* [ENTRIES SHOWN]:
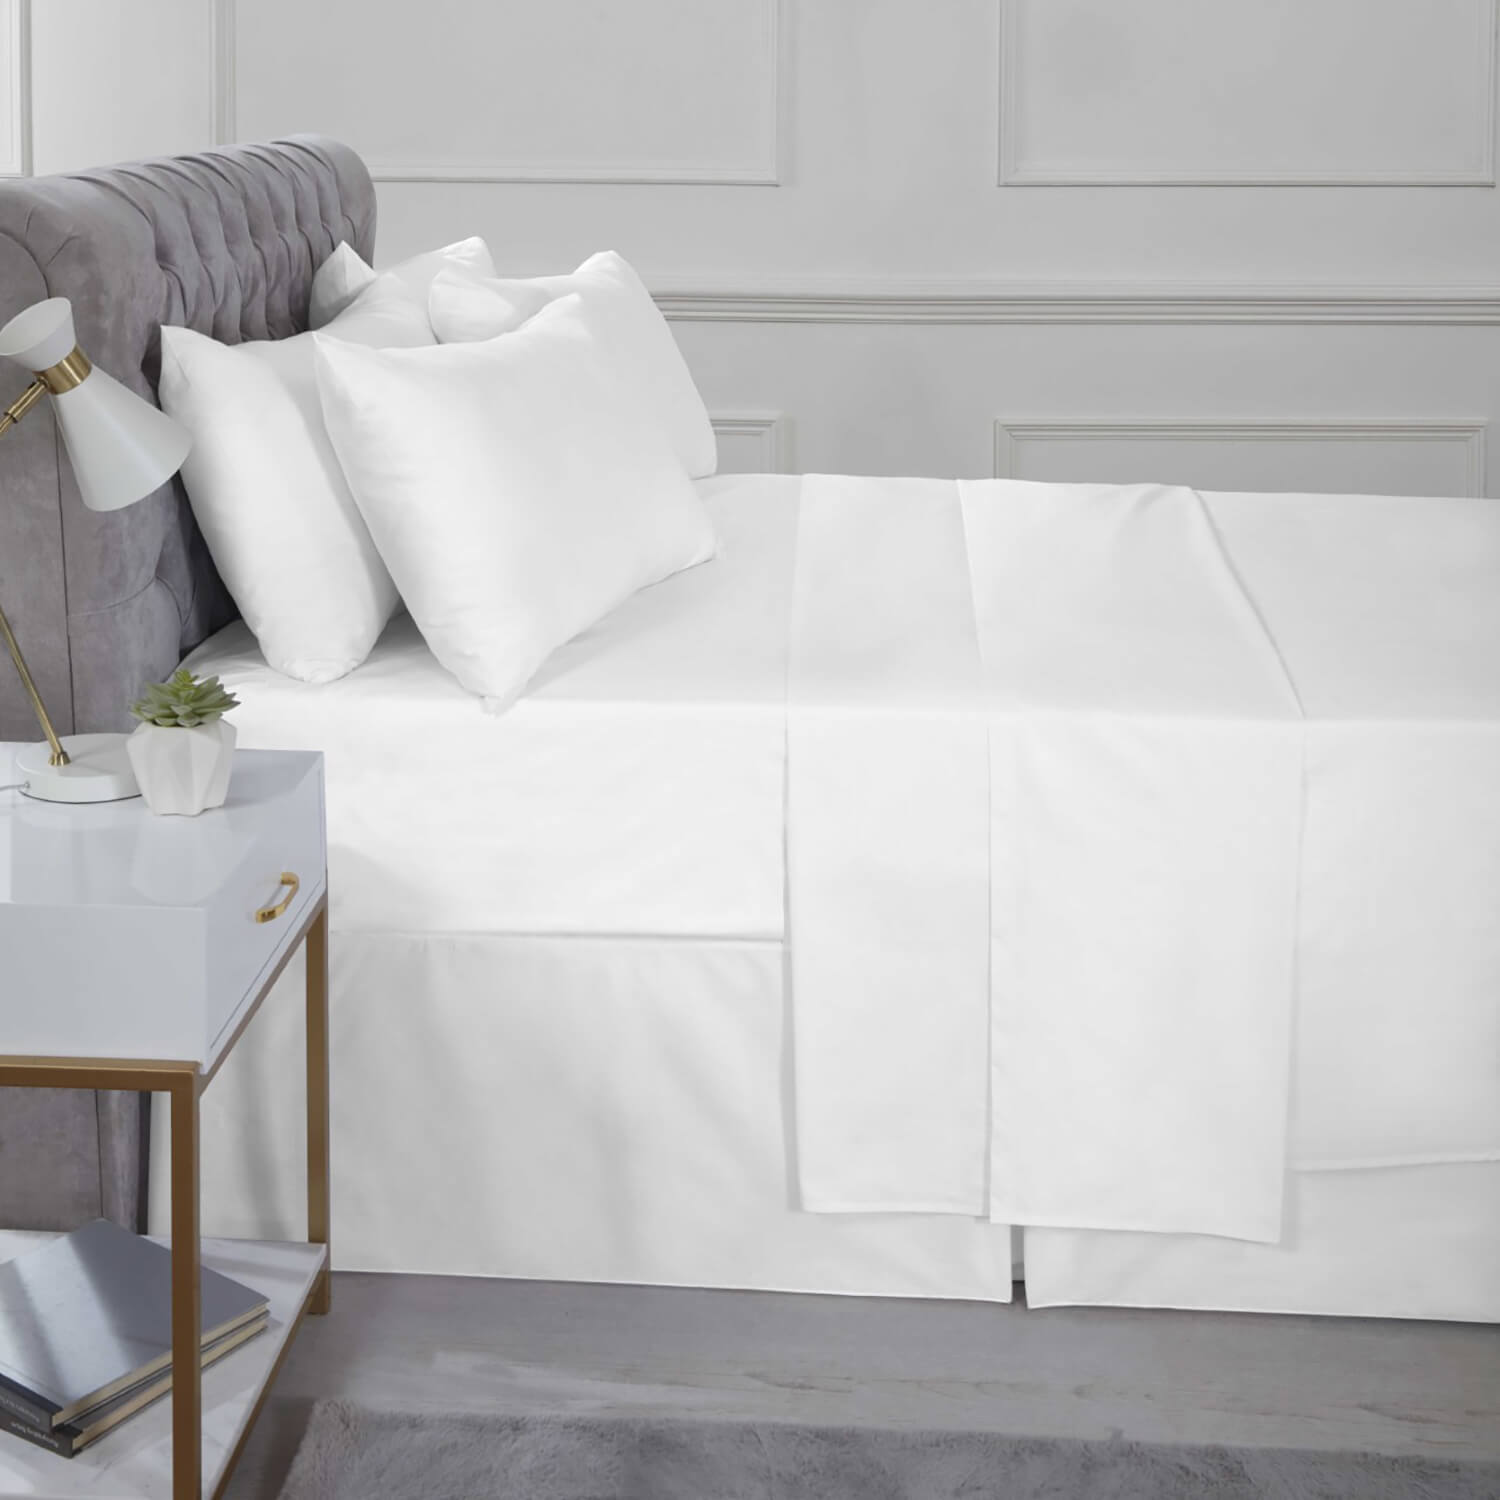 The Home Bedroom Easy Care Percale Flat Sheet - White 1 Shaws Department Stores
...
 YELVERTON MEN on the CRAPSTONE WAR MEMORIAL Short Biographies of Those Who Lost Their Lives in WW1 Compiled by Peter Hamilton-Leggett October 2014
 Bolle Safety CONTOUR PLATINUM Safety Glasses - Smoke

* [WHAT THE EXERCISE ASKS]: Among the entries above, the line containing "YELVERTON MEN on", the line containing "Bolle Safety CONTOUR", and all lines between them are to be restated word for word; nothing else belongs in the reply.

* [REPLY TO THE TASK]:
 YELVERTON MEN on the CRAPSTONE WAR MEMORIAL Short Biographies of Those Who Lost Their Lives in WW1 Compiled by Peter Hamilton-Leggett October 2014
 Bolle Safety CONTOUR PLATINUM Safety Glasses - Smoke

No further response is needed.